Interviewing the participants involved can help elicit more details about what was confusing and why, the event itself, and the response efforts. Interviewing participants also helps to surface important knowledge about your systems, which includes the technical architecture but also insights into your teams, company culture, and communication patterns. This step is time-consuming, so depending on your organization or incident, you may choose to skip this step and ask these questions during the review meeting.
Identify who you’d like to ask questions to. Some examples include key players, systems owners, and teams impacted.
Ask them to tell the story from their point of view and then follow with the questions identified in the earlier step. Be curious, not judgmental.
Share your agenda and Jeli report with folks ahead of the review meeting to make sure you’ve captured things correctly. Doing this gives everyone a chance to clarify their mental models, as well as make additions or corrections to your investigation.
The incident review meeting is a facilitated opportunity to discuss, for the first time and as a group, how things happened, what unfolded, what was surprising, themes identified, and what is unclear.
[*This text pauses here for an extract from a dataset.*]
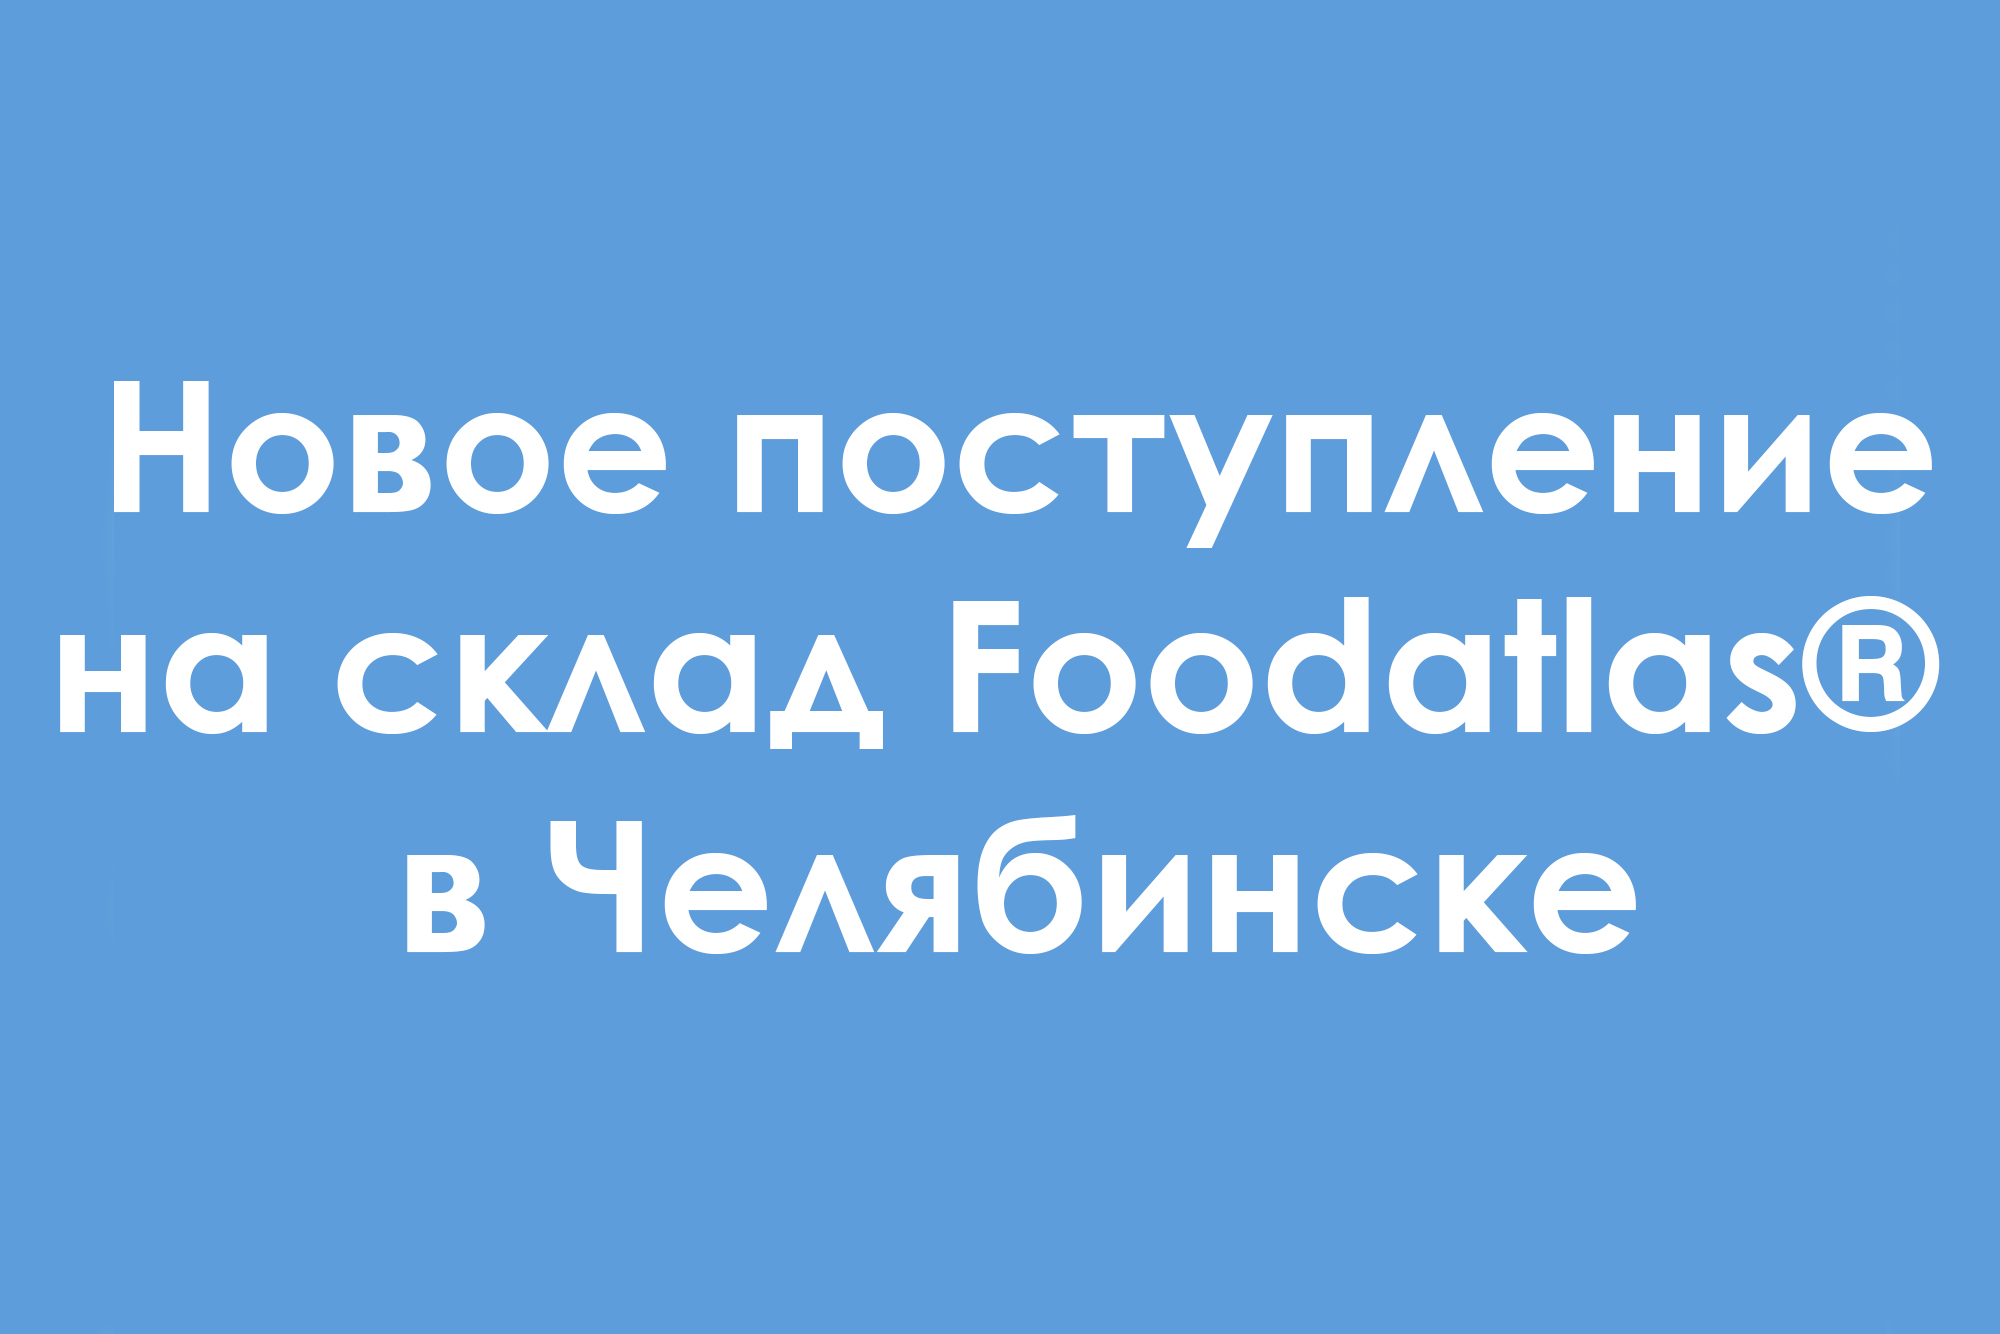 Поступление запчастей для упаковочного оборудования и сырья на склад Foodatlas® в Челябинске

Facilitation Tips: Send out your material in advance. At the beginning of the session reiterate the purpose of the meeting; the full length Howie has a great script for this to help you get started. If the meeting becomes too negative, feel free to end it early and reschedule it for a different time.
Sample agenda (it helps to explain what to expect and time box items) : 1. Intro + Quick summary of what happened + context on the technology (6-7 mins) 2. Begin going through the Jeli timeline, call on folks involved to share their POV, and ask the questions you’ve noted (20 mins) 3. Go through 2-3 themes as a group (15 mins) 4. Action items, if needed (10 mins)
One-dimensional reports can be hard to learn from. We take a narrative approach to presenting the contributing factors to the event, background on the technology involved—including important historical context—and details about how the incident coordination was handled. It describes both the technical failures and the social and organizational processes involved.
We recommend tracking analytics for the document. Seeing who is reading it and how often or how long after the event can provide lots of valuable insight into what is useful for the organization. This report should be written to be read, not filed!
These should be discussed after the learning has taken place, as action items are not the purpose of learning from incidents. The key to quality action items is collaboration, ownership, and reflection. Remember: action items are not limited to ticketed work, they can be further discussions, or even sharing the things learned across your organization.
At Jeli we believe in the power of taking a proactive approach to incident analysis to help you truly understand how you got here.
We believe that incident analysis can be your organization’s secret weapon that will allow you to gain value from your incidents. We understand that good incident analysis is an investment, so we hope that this guide will help you push toward that change!